Lors de sa mise en marché, la nouvelle pellicule devrait être vendue à un prix légèrement supérieur aux films d’emballage actuellement disponibles. La professeure Lacroix ajoute qu’avec le temps, celui-ci ne pourra que diminuer comme l’a fait celui des produits faits avec du polylactique acide, un polymère produit par fermentation qui sert à fabriquer des contenants de yogourt et des bouteilles de shampoing.
«Au début, ces produits coûtaient très chez à produire. Mais on a développé des technologies qui ont permis de le faire à moindre coût. Il faut donc aller de l’avant, regarder ce qui peut être fait, développer des films et par la suite, travailler en équipe avec des gens qui sont des experts dans le domaine industriel pour essayer de réduire les coûts de production.»

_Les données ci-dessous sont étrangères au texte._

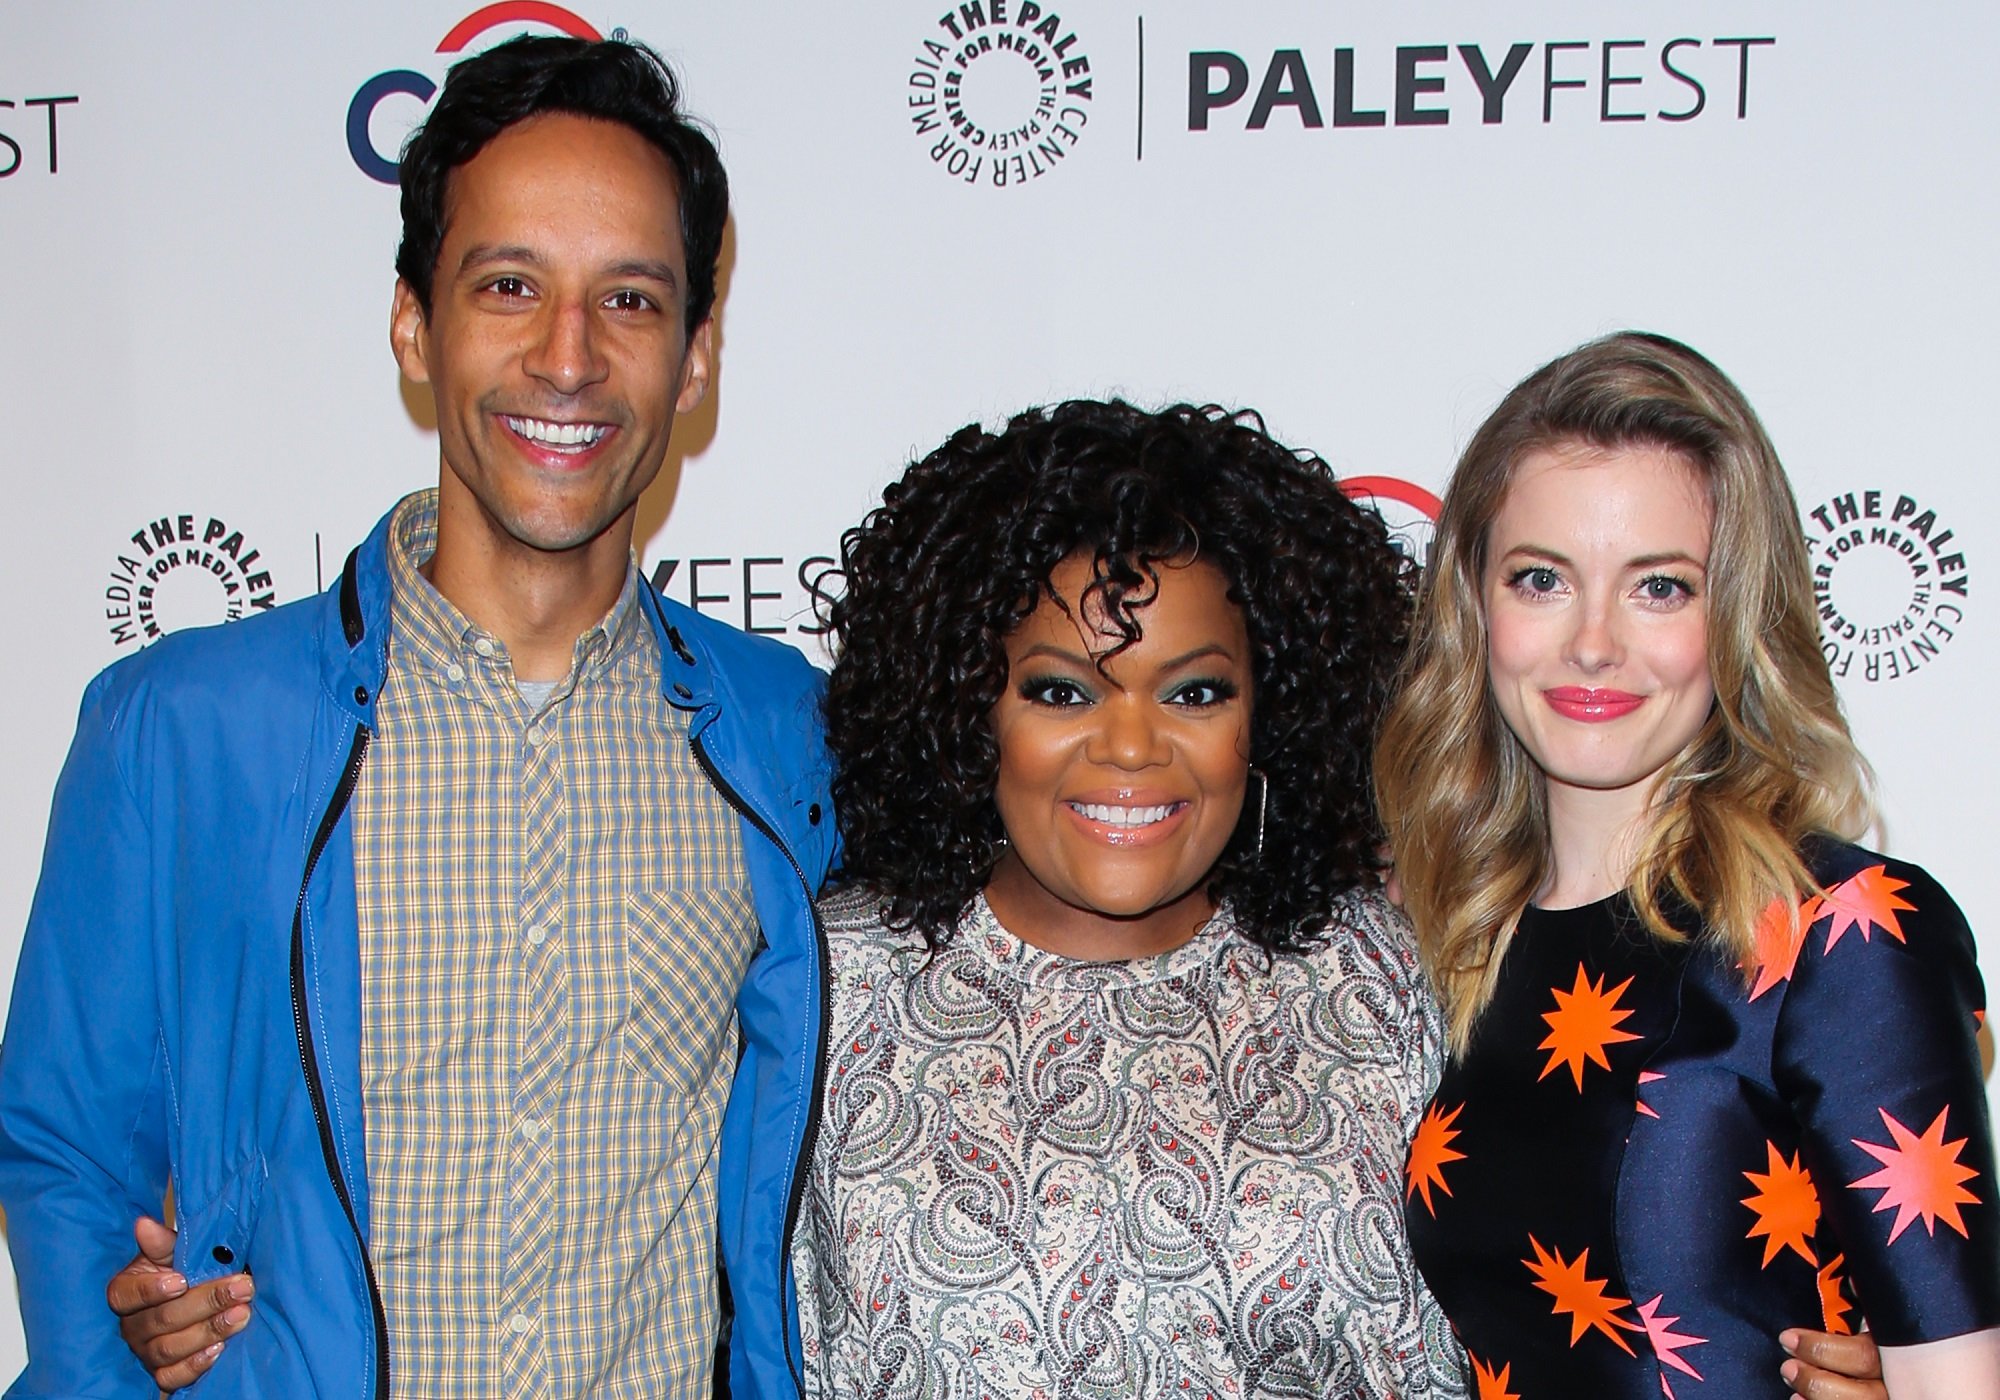 Danny Pudi, Yvette Nicole Brown, and Gillian Jacobs of Community

À quel moment la nouvelle pellicule pourrait être lancée sur le marché? Il semble qu’il faudra attendre. La professeure de l’INRS a indiqué que ce qui manquait actuellement était des associations avec des industries fabriquant des produits d’emballage. Plusieurs attendraient de voir les produits qui seront développés avant d’investir.
«C’est important de travailler en collaboration avec des industriels. D’abord pour utiliser les méthodes de production qu’eux utilisent, mais aussi pour adapter les technologies pour aller de l’avant.»